GN Bureau | December 11, 2025


#Politics   #Emergency   #Law   #Indira Gandhi   #Democracy  


50 Years of the Indian Emergency: Lessons for Democracy
Edited by Peter Ronald deSouza and Harsh Sethi
Orient BlackSwan, 376 pages, Rs 1,025

As the nation marks the fiftieth anniversary of the Emergency, this collection of essays looks at the event and its aftermath from diverse perspectives. Bringing together leading scholars and writers, it explores how the Emergency transformed Indian polity, and shaped law enforcement and penal practices, the media, student movements, judicial responses, subaltern politics and literary expression, and examines why analysis of the Emergency is still relevant to political discourse in India today.

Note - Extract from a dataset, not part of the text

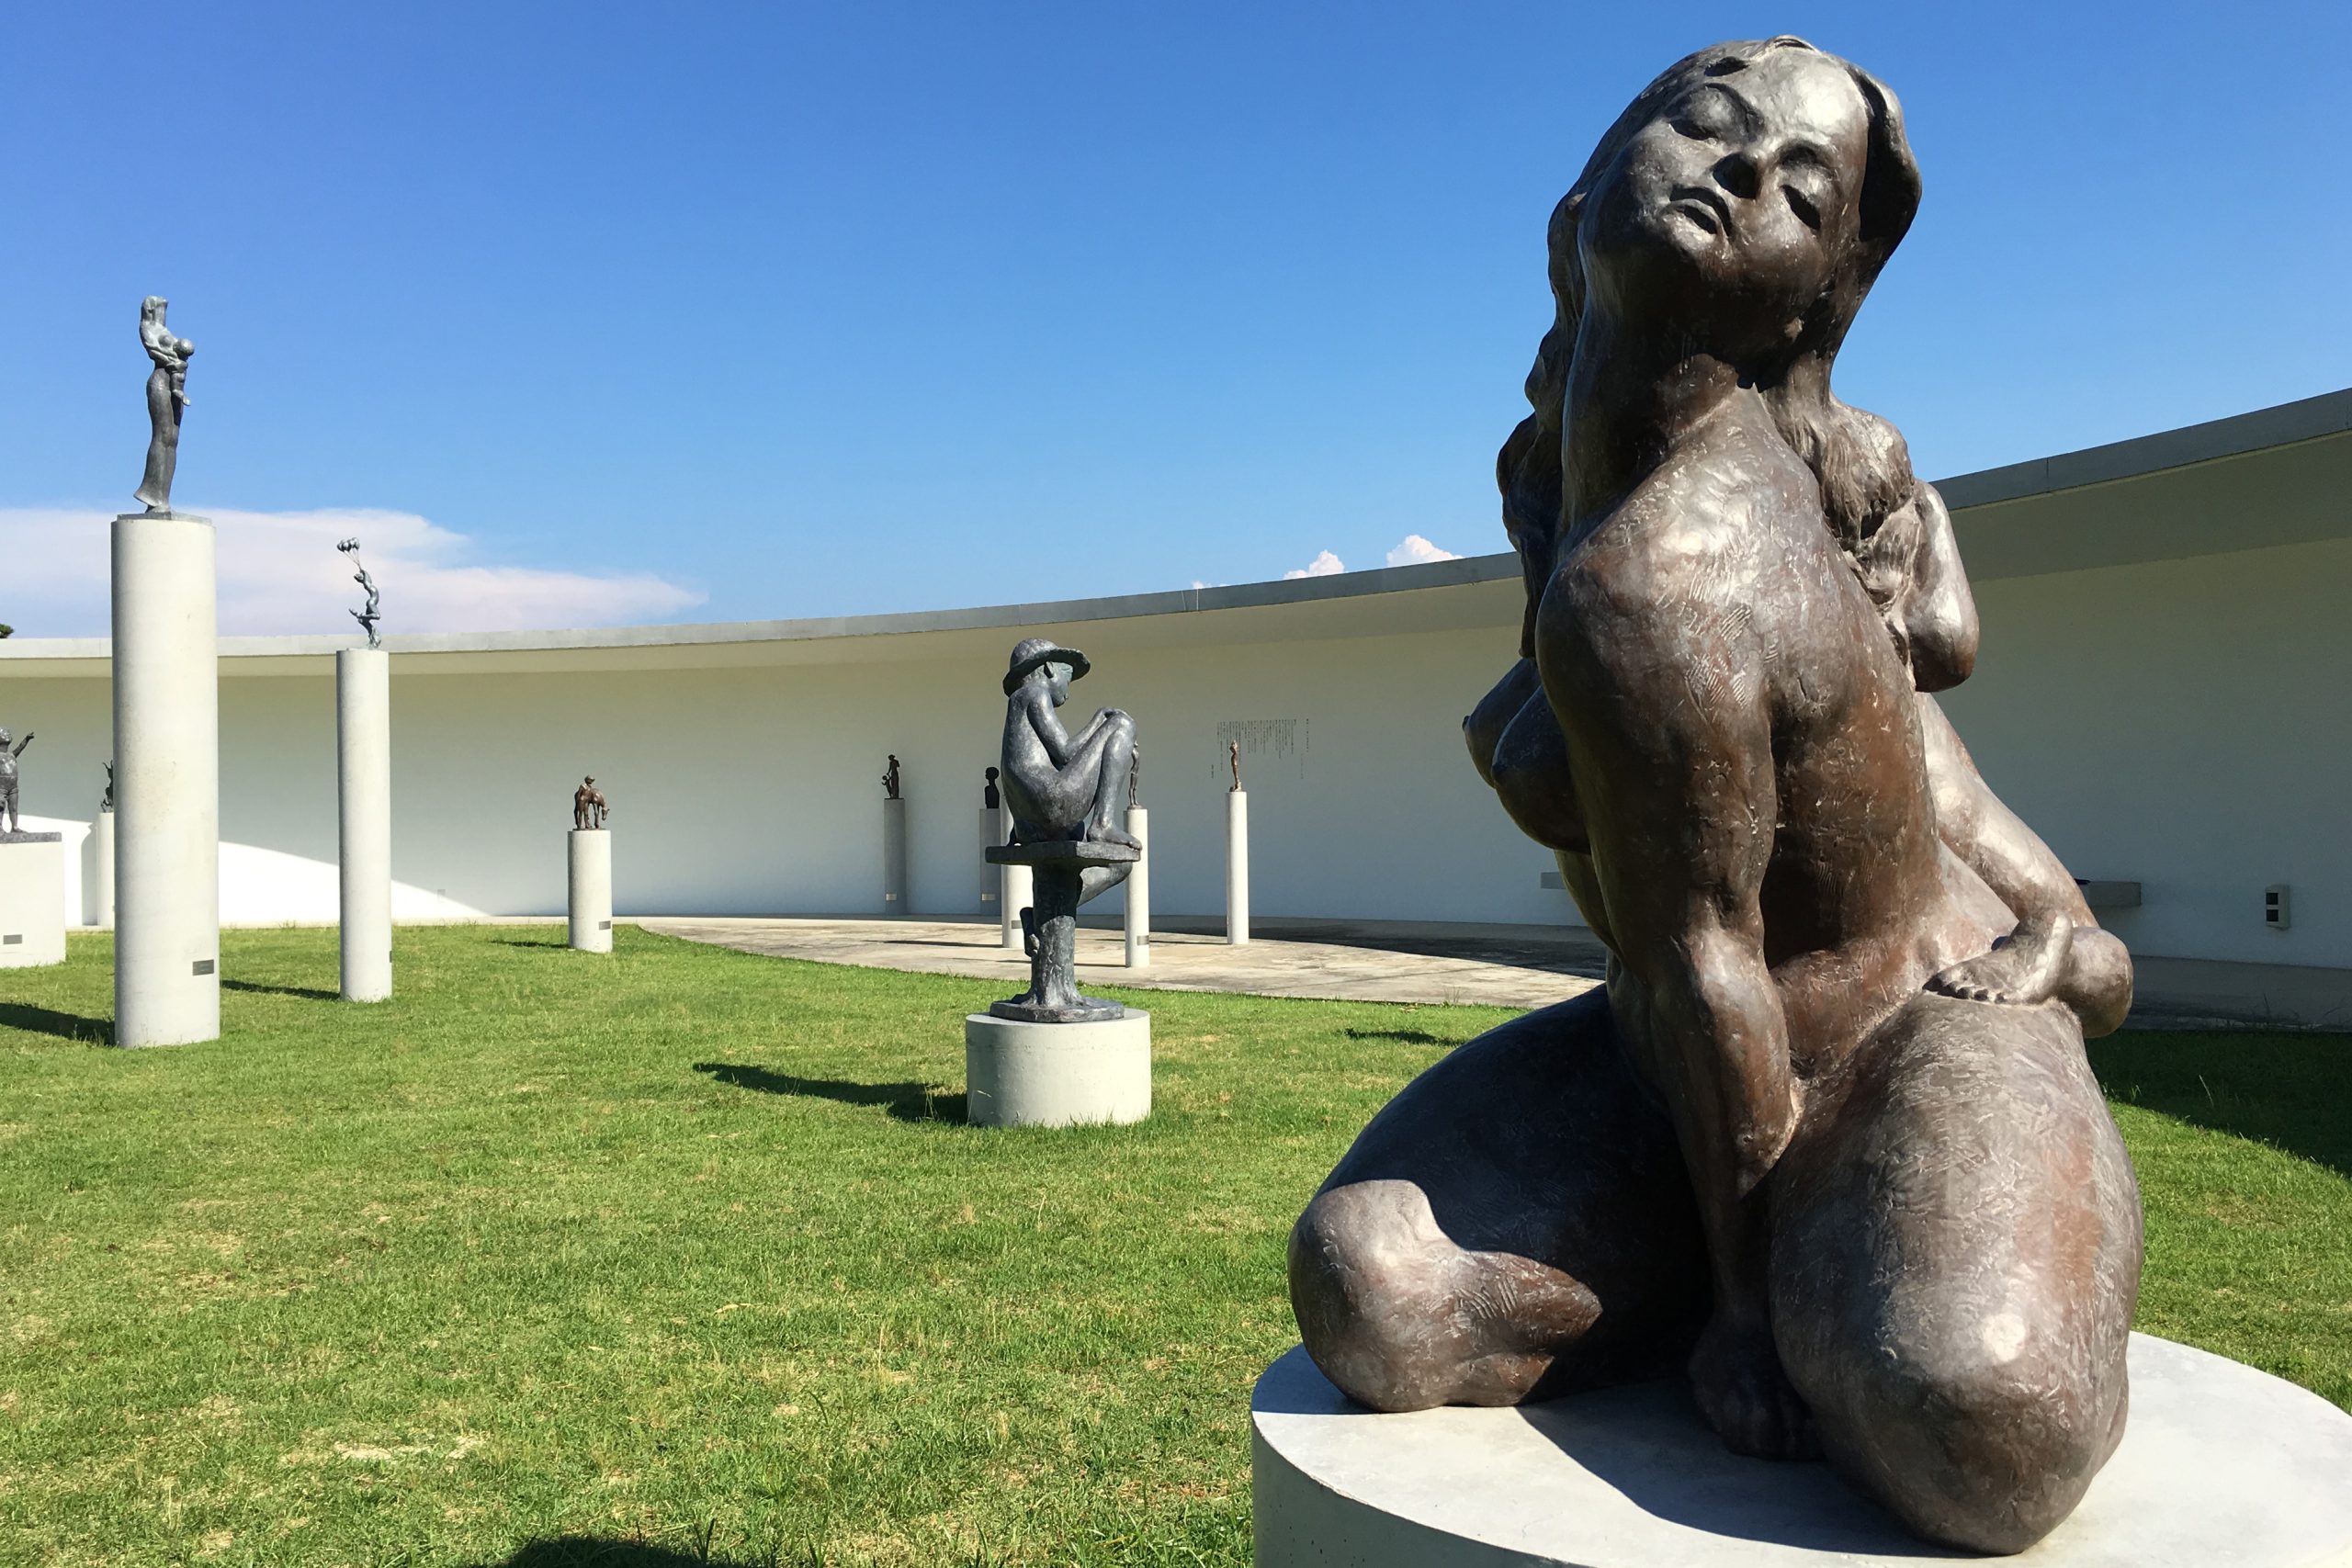 Ken Iwata Mother & Child Museum sculptures

Here is an excerpt from the introduction by the editors – Peter Ronald deSouza, Senior Research Associate, African Centre for Epistemology and Philosophy of Science (ACEPS), University of Johannesburg, and Trustee of the Institute of Social Studies Trust, and Harsh Sethi, formerly Consulting Editor of ‘Seminar’. 

Lessons for Democracy

The overwhelming lesson that we learn from studying the Emergency, in all five frameworks, is the failure of institutions. We had wanted to use a less dramatic term than ‘failure’, to describe the situation, such as ‘infirmity’, ‘deficiency’, or ‘weakness’, but the need to be true to the evidence compelled us to stay with ‘failure’. The institutions that were chosen by the Constituent Assembly to safeguard our democracy from tyranny unfortunately failed us during the Emergency. This is true of the ‘deliberative’ institutions (the cabinet, parliament and state assemblies) as well as the ‘oversight’ institutions (the courts, CAG, CVC and media), as also the ‘penalty imposing’ institutions (the courts, police and jails). The Shah Commission report details this failure. The most disappointing of these institutions was the Supreme Court. The *ADM Jabalpur* judgement is a reminder of the highest court’s potential for failure. It was only the dissenting Judge H. R. Khanna who demonstrated that it was possible to work for an institution, defending its independence in the face of an authoritarian Executive. Justice Khanna showed that the principles of ‘separation of power’ and ‘checks and balances’ need not be vacuous. He had the spine to uphold them. What makes for an independent judiciary? This is an urgent issue since it is at the centre of many of the challenges confronting democracies today in 2025 – in many democracies across the world such as Poland, Israel, India and the USA. When the Emergency was imposed, however, all institutions, for some reason, succumbed to the Executive, contributing to its transition from one that was constrained by these institutions to one that was unconstrained. A supreme authority emerged in the political realm – an Executive largely unbound. The parliament, for example, without much demur passed the 39th and 42nd Constitutional Amendments that Mrs Gandhi had wanted, giving herself extraordinary powers. (See the chapter by Ujjwal Kumar Singh and Anupama Roy, and also the one by R. Sudarshan.)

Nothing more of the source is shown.